Di dalam menjalankan ritualnya, Aluk Todolo mengenal dua macam yaitu: Upacara kedukaan disebut Rambu Solok dan Rambu Tuka sebagai upacara kegembiraan. Upacara Rambu Solok meiliputi tujuh tahapan, yaitu: Rapasan, Barata Kendek, Todi Balang, Todi Rondon, Todi Sangoloi, Di Silli, dan Todi Tanaan. Sementara itu, upacara Rambu Tuka pun meliputi tujuh tahapan, yaitu; Tananan Bua’, Tokonan Tedong, Batemanurun, Surasan Tallang, Remesan Para, Tangkean Suru, Kapuran Pangugan.
To minaa adalah pendeta Aluk Todolo
yang dianggap sebagai pemegang kekuasaan di bumi yang kata-kata dan
tindakannya harus dipegang baik dalam kehidupan pertanian maupun dalam
upacara pemakaman.
Kepercayaan Aluk Todolo bukan hanya sistem keyakinan, tetapi juga merupakan gabungan dari hukum, agama, dan kebiasaaan. Aluk Todolo mengatur kehidupan bermasyarakat, praktik pertanian, dan ritual keagamaan. Tata cara Aluk Todolo
bisa berbeda antara satu desa dengan desa lainnya. Satu hukum yang umum
adalah peraturan bahwa ritual kematian dan kehidupan harus dipisahkan.
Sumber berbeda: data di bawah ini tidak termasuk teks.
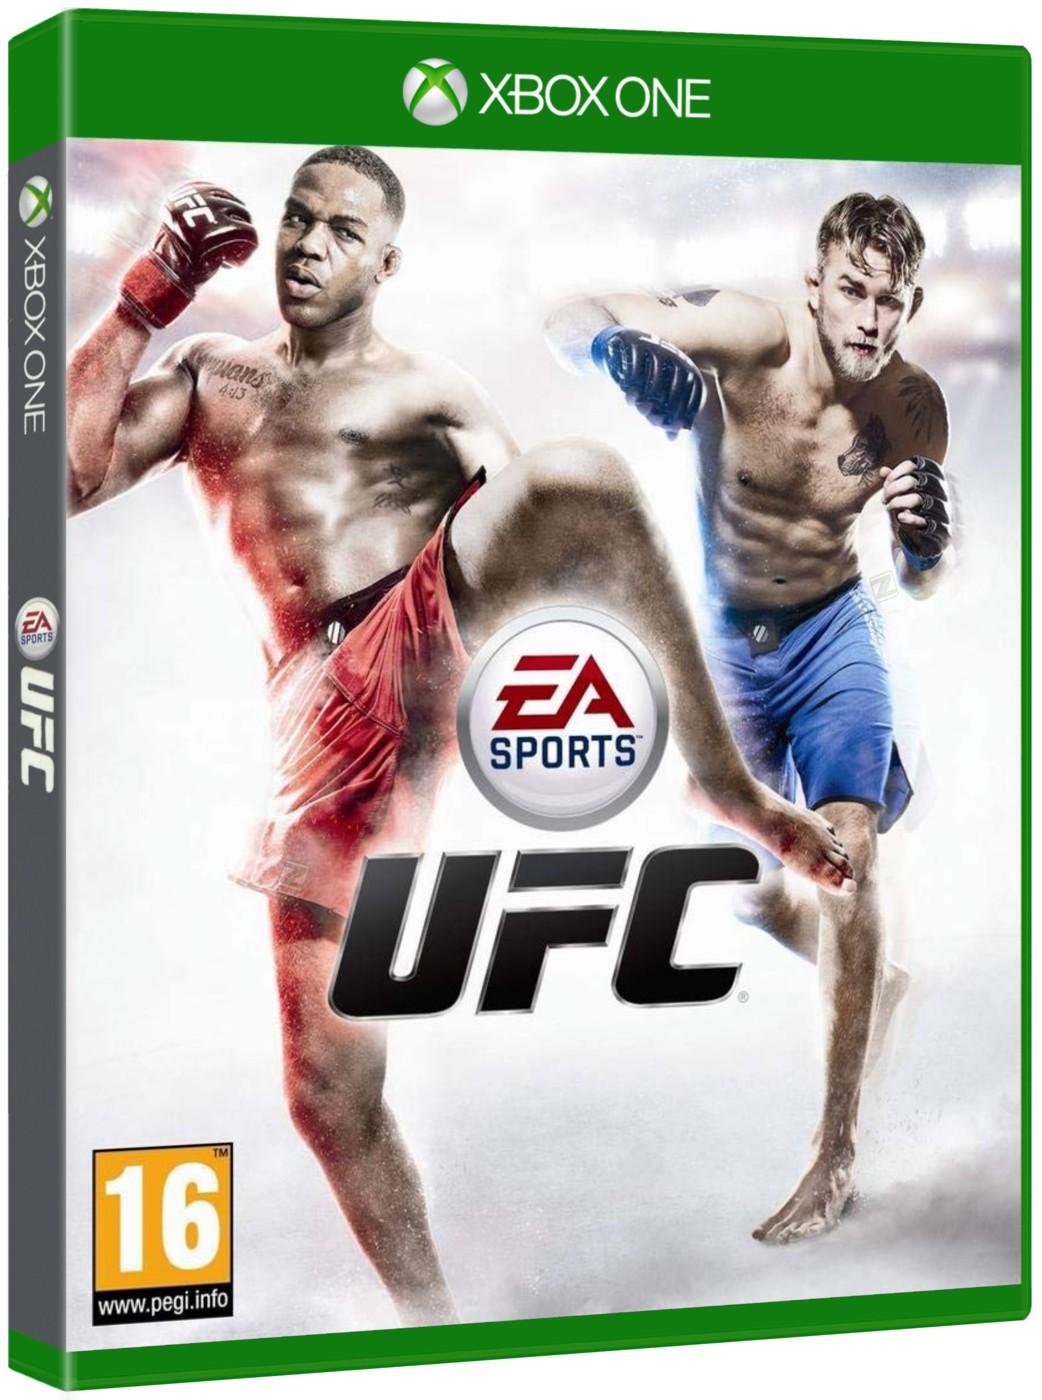 EA SPORTS UFC - Xone

Suku Toraja percaya bahwa ritual kematian akan menghancurkan jenazah
jika pelaksanaannya digabung dengan ritual kehidupan. Kedua ritual
tersebut sama pentingnya.
Aluk Todolo
pernah menjadi tali pengikat masyarakat toraja yang begitu kuat, bahkan
menjadi landasan kesatuan sang torayan yang sangat kokoh sehingga
kemanapun orang toraja pergi akan selalu ingat kampung halaman, dan
rindu untuk kembali kesana. Ikatan batin yang Sangtorayan yang begitu kokoh tentu saja antara lain adalah buah-buah dari tempaan Aluk Todolo
itu. Karena itu kita patut prihatin bila aluk todolo itu kini nyaris
lenyap diterpa arus dunia modern. Maka mari kita pikirkan bersama
warisan leluhur yang begitu berharga ini.